(Supplied material)

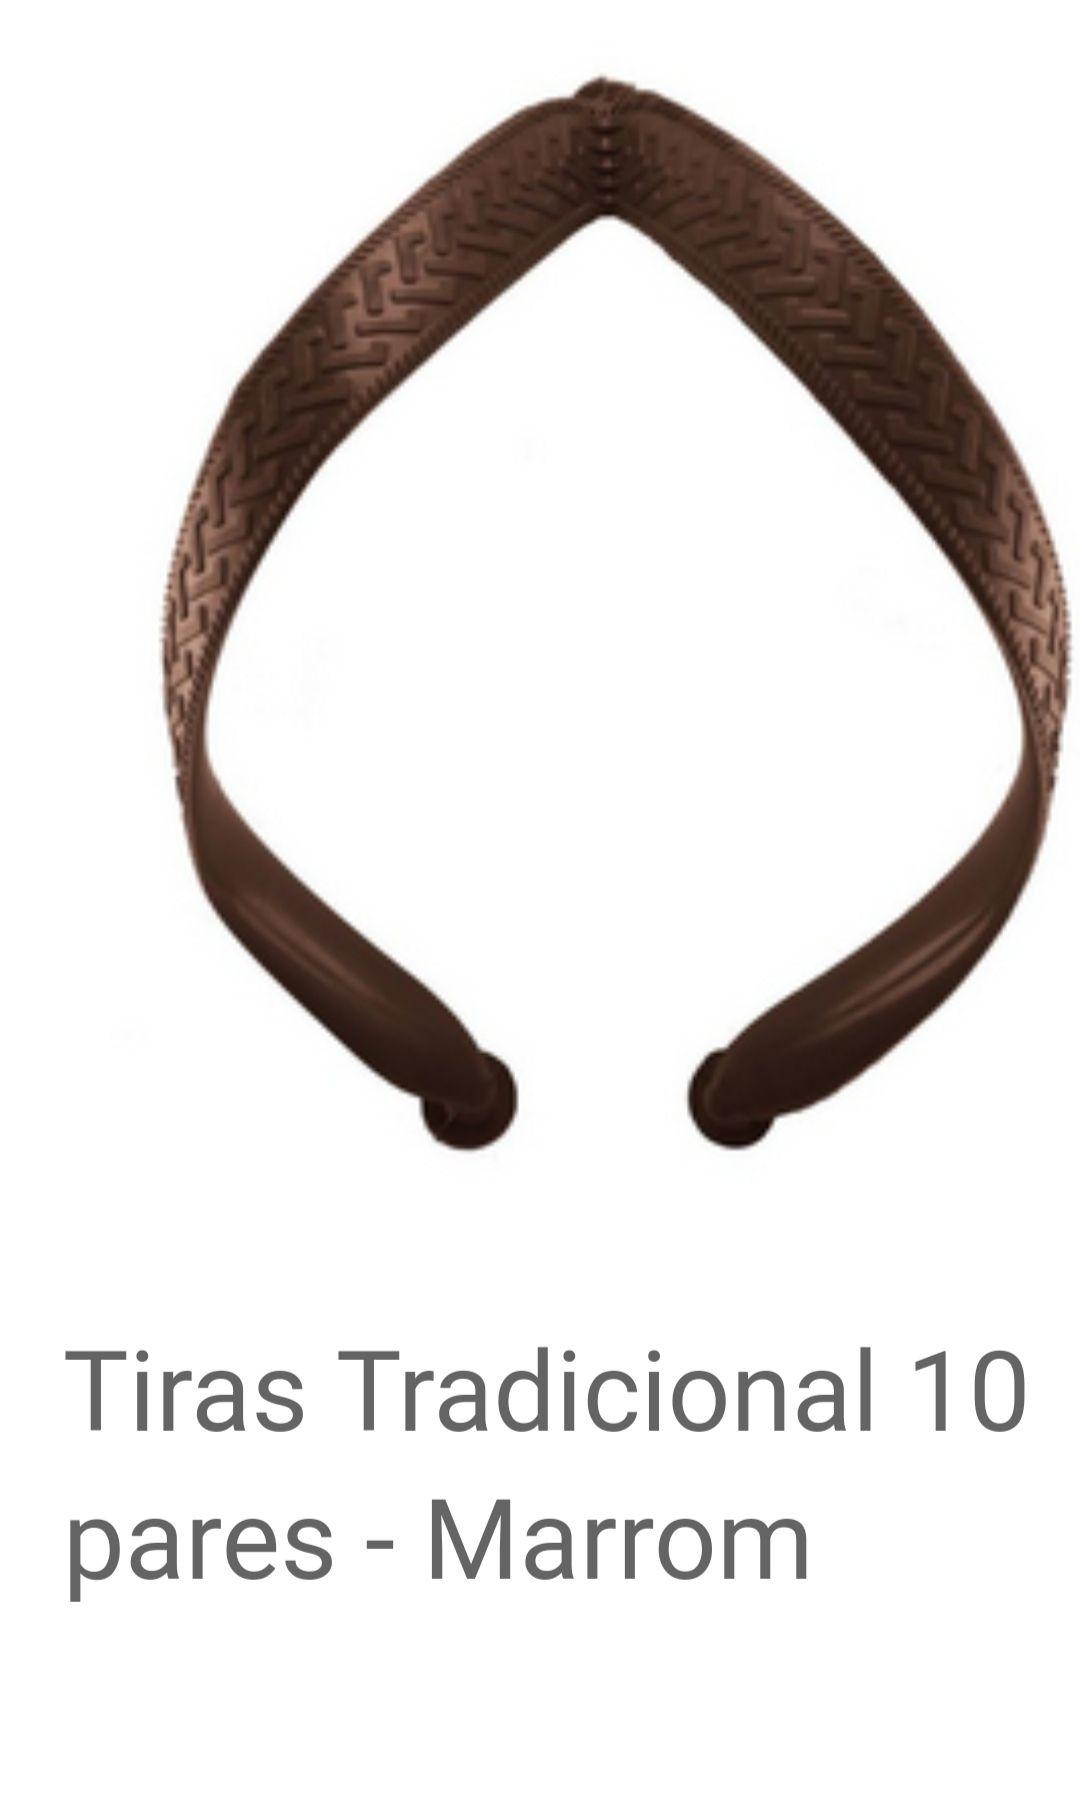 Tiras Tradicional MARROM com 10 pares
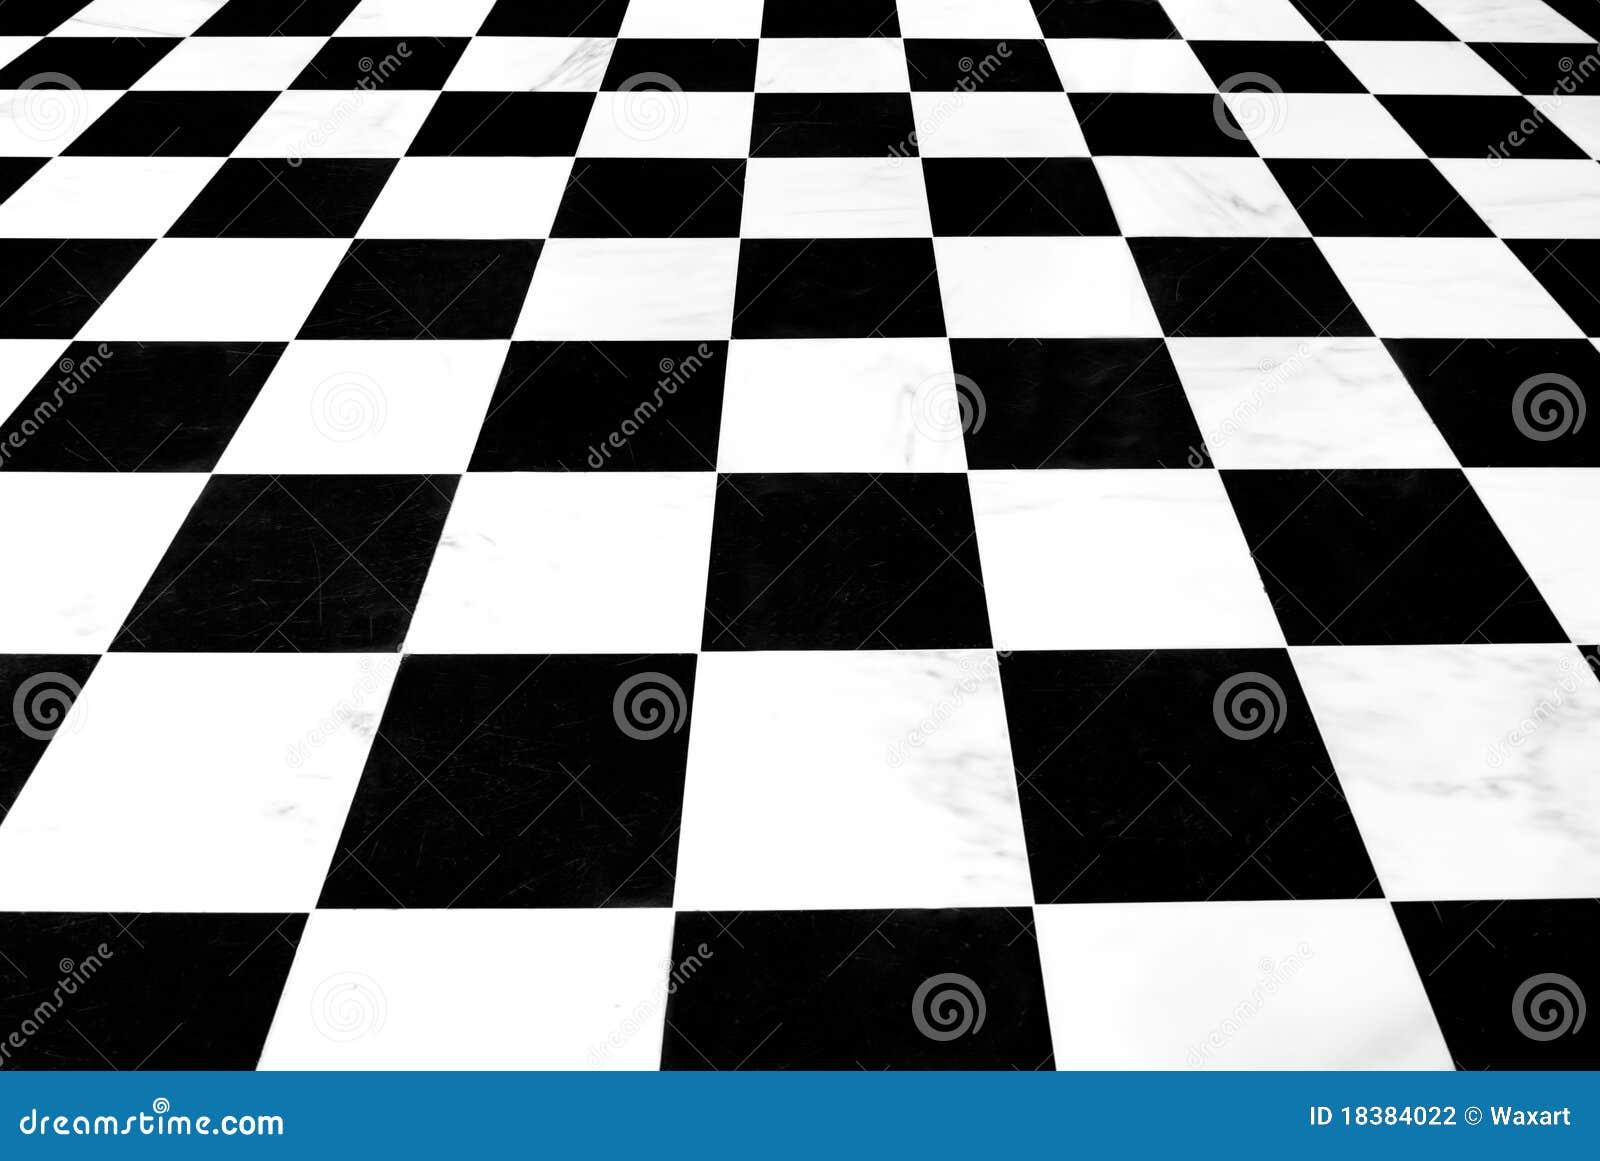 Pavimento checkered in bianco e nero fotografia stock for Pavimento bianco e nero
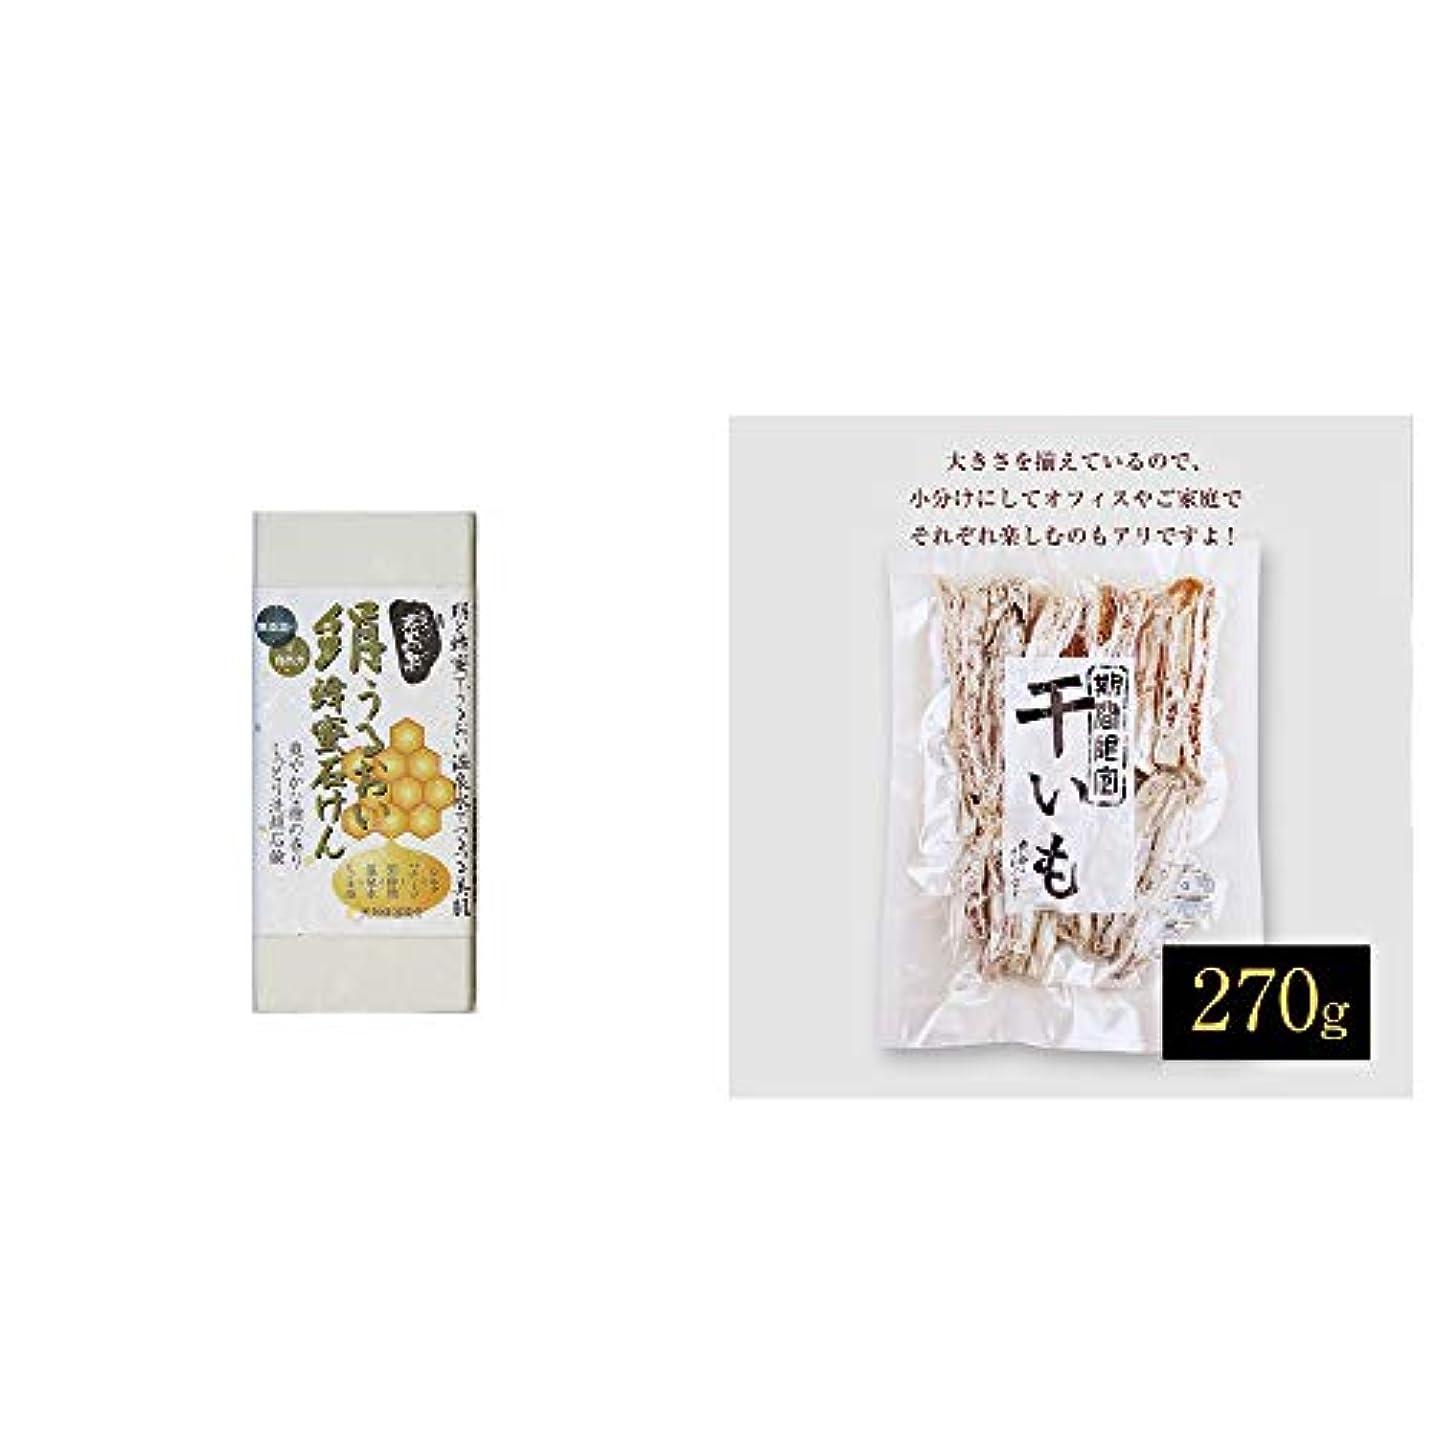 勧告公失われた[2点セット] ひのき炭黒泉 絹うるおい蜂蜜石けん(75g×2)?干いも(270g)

(End Supplied material)

Assignment: An exact copy is needed of the lines running from the one with "Pavimento checkered in" through the end of the data above, and of those lines only, without pictures.

Result of the task:
 Pavimento checkered in bianco e nero fotografia stock for Pavimento bianco e nero
 勧告公失われた[2点セット] ひのき炭黒泉 絹うるおい蜂蜜石けん(75g×2)?干いも(270g)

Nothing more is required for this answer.